Modelling splicing regulation

The computational prediction of IR events has not been attempted to date, however multiple machine learning approaches have been proposed to predict exon usage. For example, a Bayesian neural network was used to identify the ‘splicing code’, which is comprised of hundreds of RNA sequence and structural features (including cis- elements described in literature) and predicts tissue-specific changes in alternative splicing (exon usage) (148). Following this, a deep neural network approach achieved an enhanced performance in predicting alternative splicing patterns (149). Based on deep learning and other machine learning approaches a number of tools and algorithms were recently developed that predict cryptic splicing caused by putative genetic variants and their role in rare genetic disorders (150–152). However, all the above-mentioned studies focus on exonic splicing and primarily include cis-acting splicing regulators. An algorithm or tool that predicts IR is currently missing but should be within reach given the recent advances in exon splicing prediction and the identification of mechanisms of IR regulation. While machine learning has been used to predict alternative splicing, systems biology approaches are employed to study the dynamics of splicing regulatory networks using stochastic or deterministic modelling formalisms. Network modelling of splicing regulation has recently been discussed in the context of bioinformatics challenges in determining the effects of epigenetic modifications on alternative splicing (153). Splicing regulatory networks include cis- and trans-acting regulators of alternative splicing and their respective splicing targets (153). For example, a Bayesian network approach was used to predict the target network of the neuron-specific factor Nova in the mouse brain, comprising ∼700 alternative splicing events (154). Similarly, a kinetic model of co-transcriptional alternative splicing was used to predict that transcriptional elongation rates may affect splicing outcomes (155).

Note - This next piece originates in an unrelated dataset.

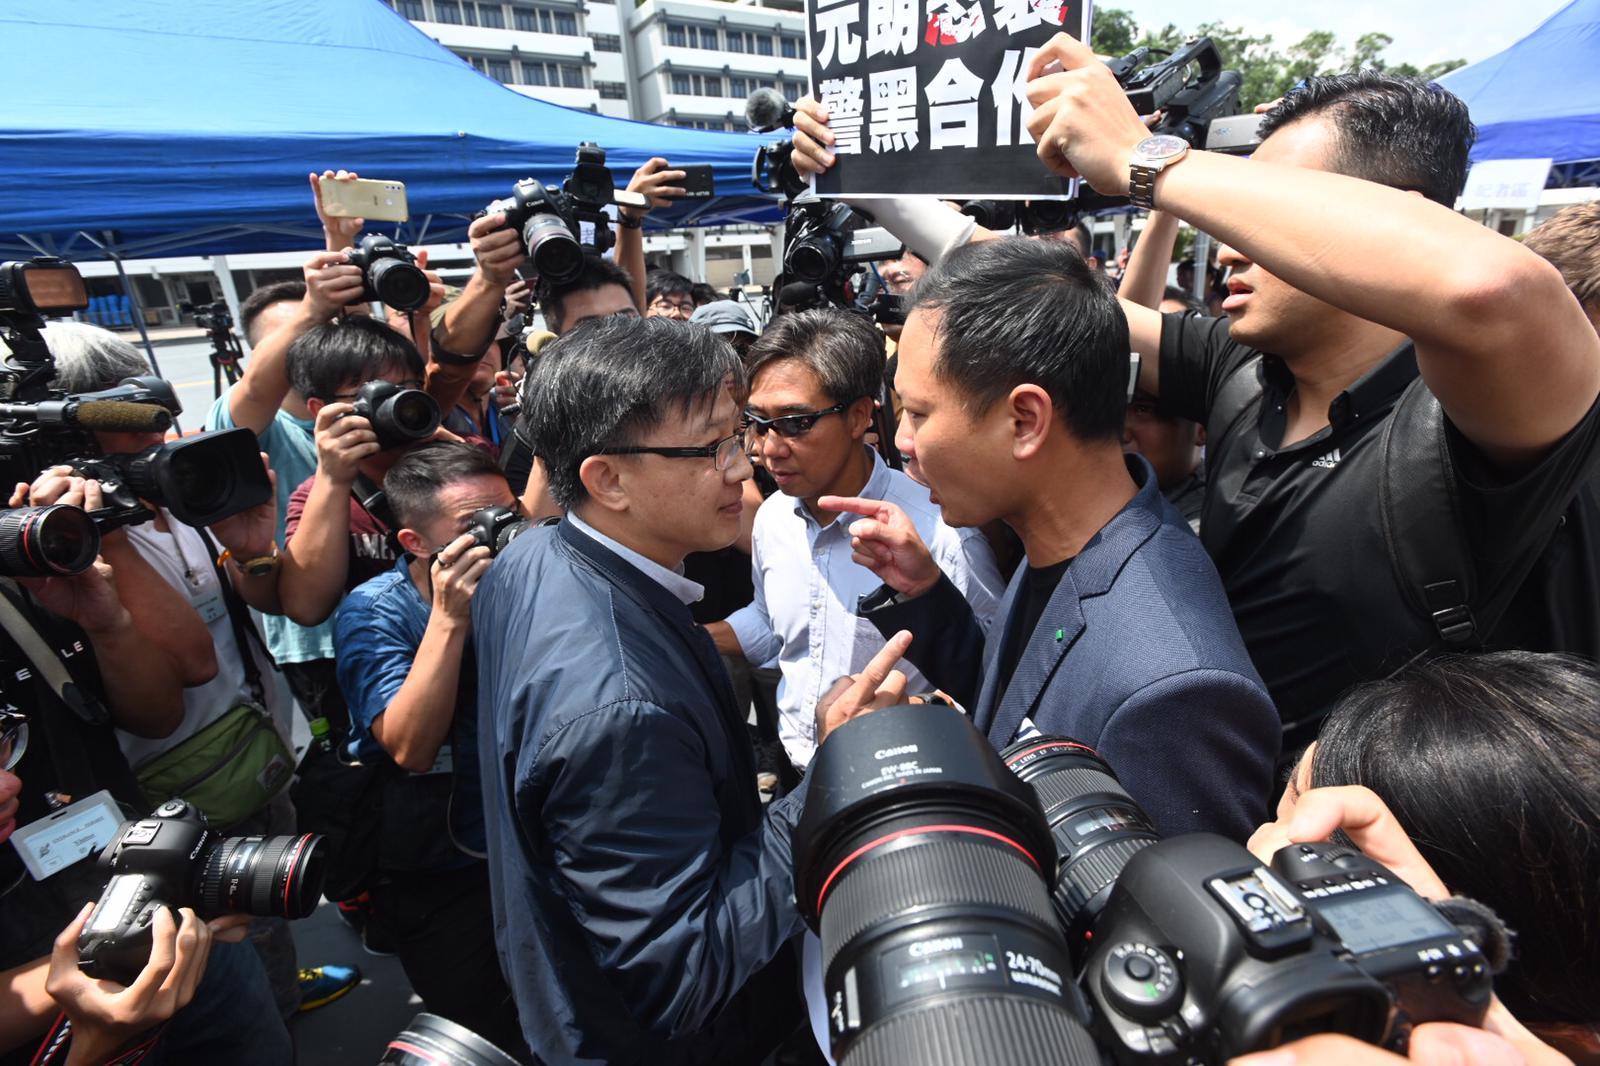 民主派議員與何君堯(左)發生口角。

CONCLUSION AND PERSPECTIVE

IR is regulated at multiple levels, with specific molecular mechanisms awaiting further clarification

The phenomenon of IR is a conserved, orchestrated mechanism which is widespread across taxa. It plays a pivotal role in fine-tuning gene expression at the post-transcriptional level (44). Nonetheless, an understanding of the regulation of intron splicing is still far from complete and key players of IR regulation remain to be uncovered. For instance, the presence of a wide range of small RNAs (including miRNAs, splice-site RNAs, etc.) might directly affect IR by interacting with nascent pre-mRNA at the splice junction. The binding of these small RNAs adjacent to splice sites would prevent recognition of the intron as a prelude to its removal by the spliceosome. Indeed, during mouse granulopoiesis the level of IR increases upon differentiation (39) and that nuclear-enrichment of miRNAs is associated with hematopoietic differentiation (156). It is possible that the level of IR could be directly modulated by the nuclear localization of these miRNAs. In addition, RNA editing can lead to alternative splicing either directly (157) or indirectly as in the case of the alternative splicing regulator Nova1, in which protein stability is increased through an amino acid substitution enabled by A-to-I editing (158). Evidence suggests that the double-stranded RNA-specific adenosine deaminase (ADAR2) can even modulate its own expression by editing an AA dinucleotide to an AI dinucleotide. The inosine is recognized by the splicing machinery as guanosine. ADAR2 is thus creating an alternative 3′ acceptor site in its own pre-mRNA (159). Most A-to-I editing sites reside in introns and 3′ UTR sequences. Alternative splice sites created by intronic RNA editing results in partial intron inclusion in mature mRNA transcripts (157).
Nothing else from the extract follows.